Oil prices have broken $100 a barrel and continue soaring, although investors shouldn't be bullish on the asset for too long, experts say.
Unrest in the Middle East is behind the recent spike, but once political upheaval calms, speculators who have been driving up prices will bolt from the market and dampen oil's rally.
Furthermore, run-ups on oil prices usually come with supply concerns, as is the case today.
|Some experts say oil prices will fall when Mideast is calm.
Yet supply concerns normally turn out to be temporary and the resulting price hikes often come hand in hand with increased output as more oil producers rush to get in on rising prices.
The result: supply and demand balance out again and prices settle down.
"As long as there is unrest in the Middle East and North Africa, we're going to have higher oil prices," Douglas Ober, a portfolio manager at one the oldest fund specializing in energy stocks, Petroleum & Resources Corp, tells The Wall Street Journal.
"But once it settles down over there, oil prices will probably come back down. There's a fair amount of speculation in the price."

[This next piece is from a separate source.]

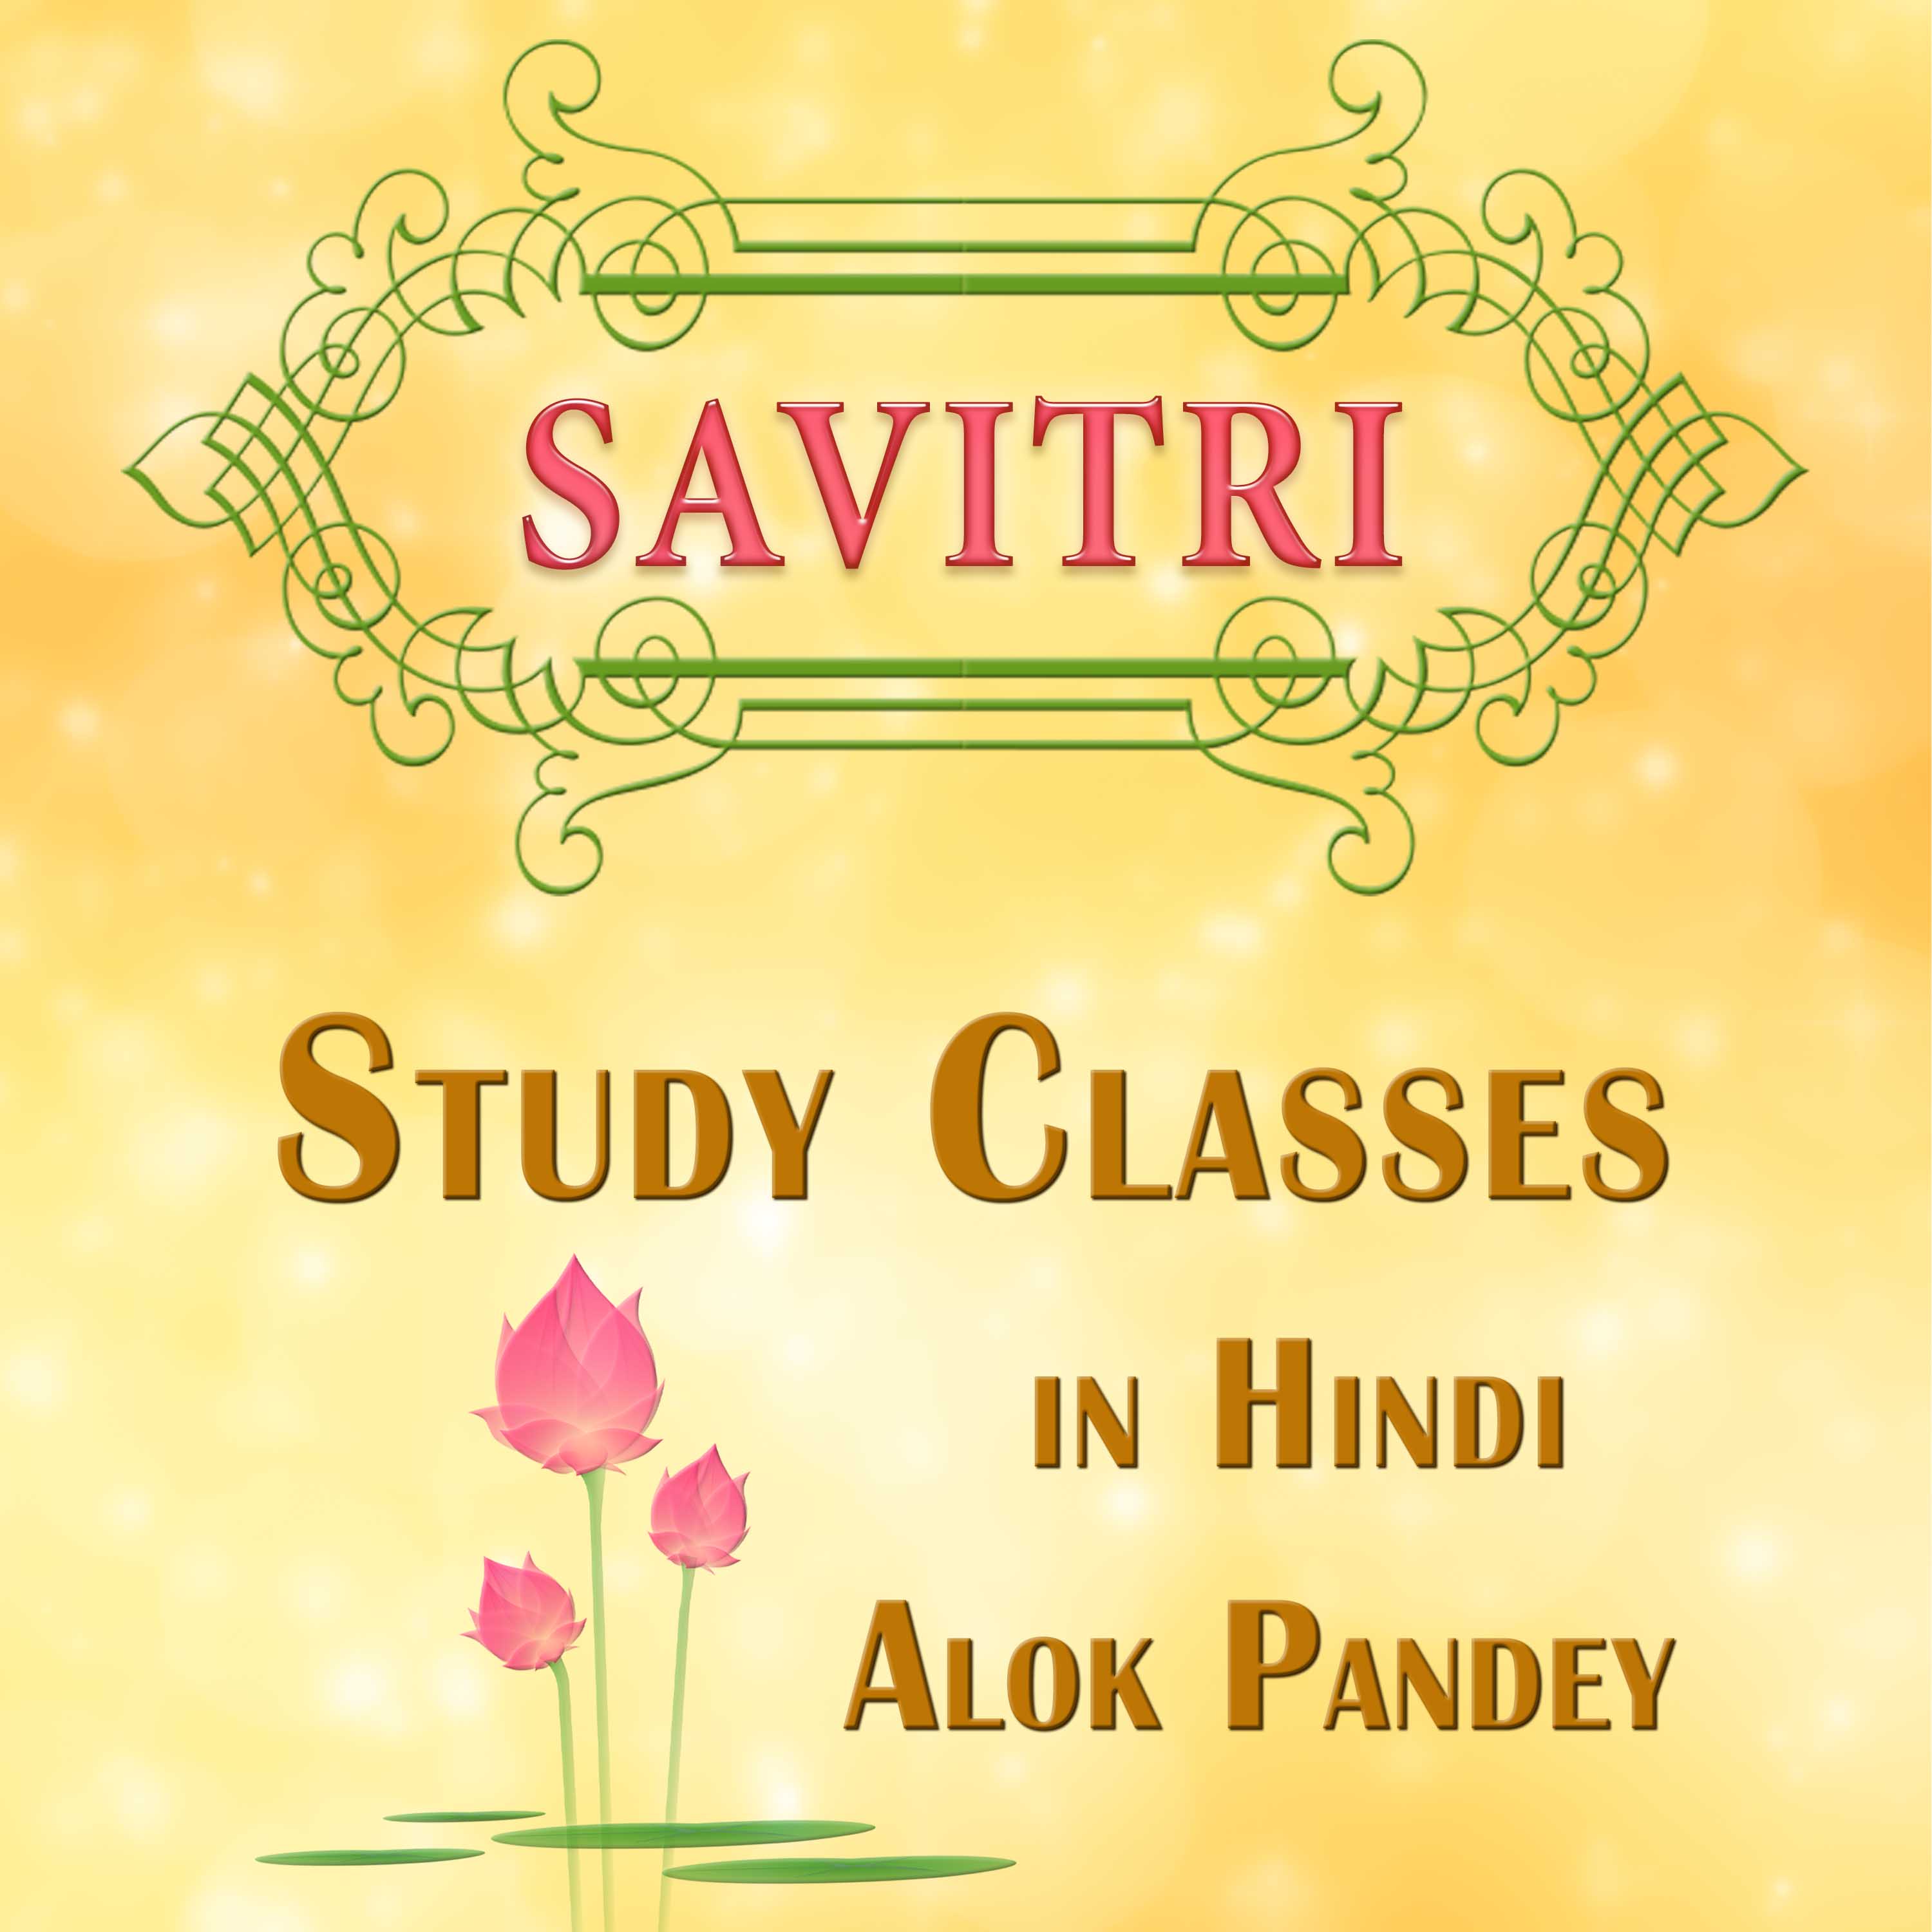 Savitri Study Classes in Hindi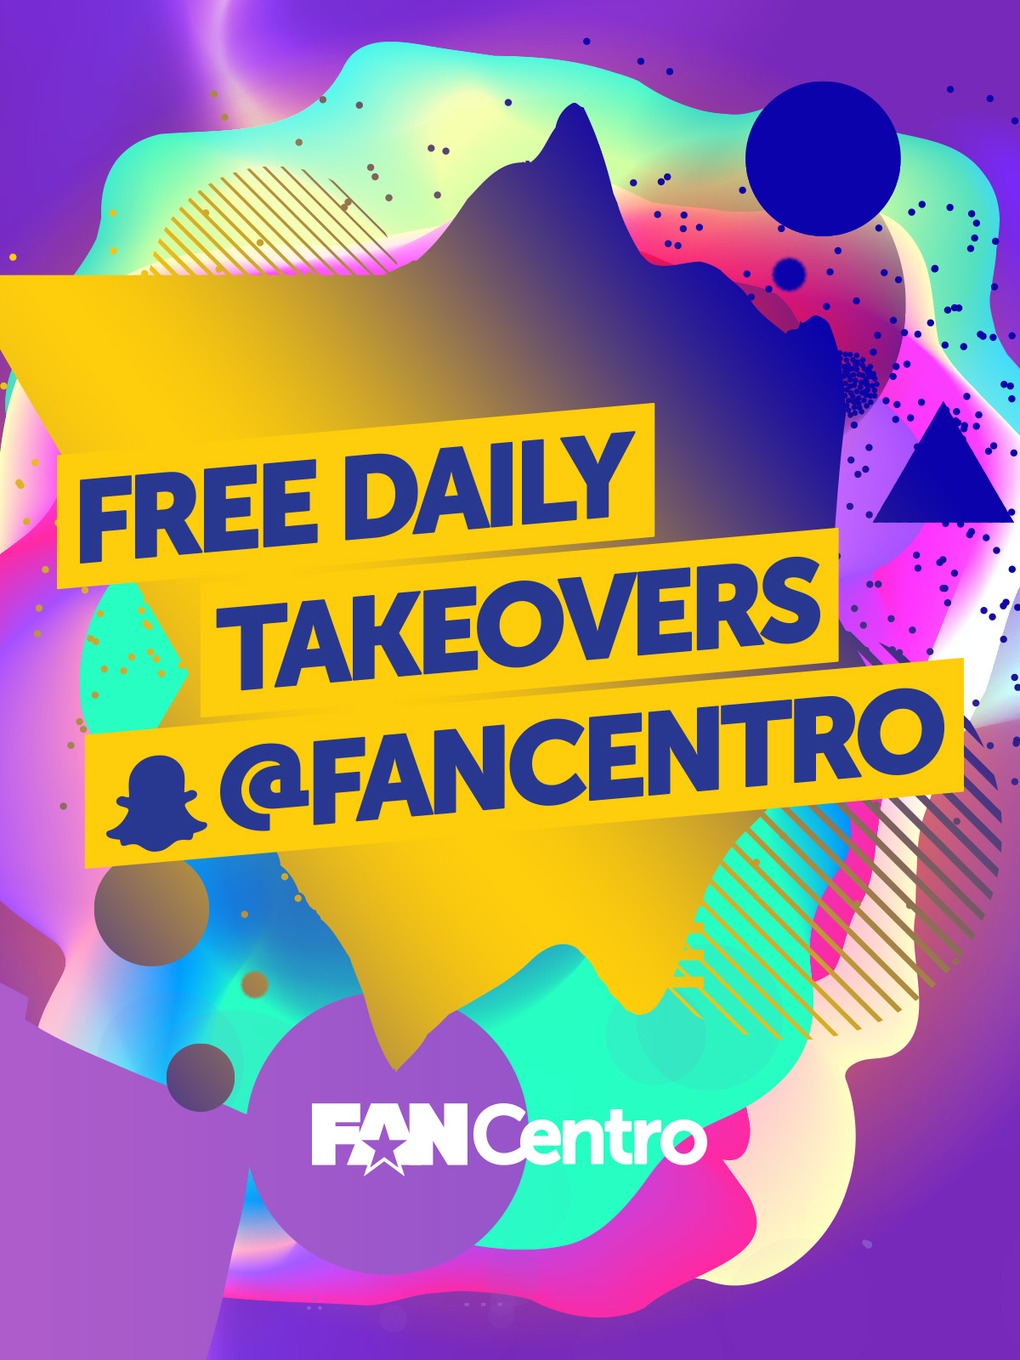 Fancentro Private Stories Exclusive Videos Private Messaging Fancentro

Oil prices neared $107 a barrel recently, hitting a 29-month high, due to turmoil in crude-rich Libya while the world's largest petroleum
consumer, the U.S., reported that employers added nearly 200,000 new jobs in February, according to the Associated Press.
More jobs mean more economic activity, and oil is needed to fuel that increased growth, provided prices don't climb too high and hurt recovery.
"The economy just seemed to be getting its mojo back," PFGBest analyst Phil Flynn tells the Associated Press.
"The question, now, is when will higher energy prices take that mojo away?"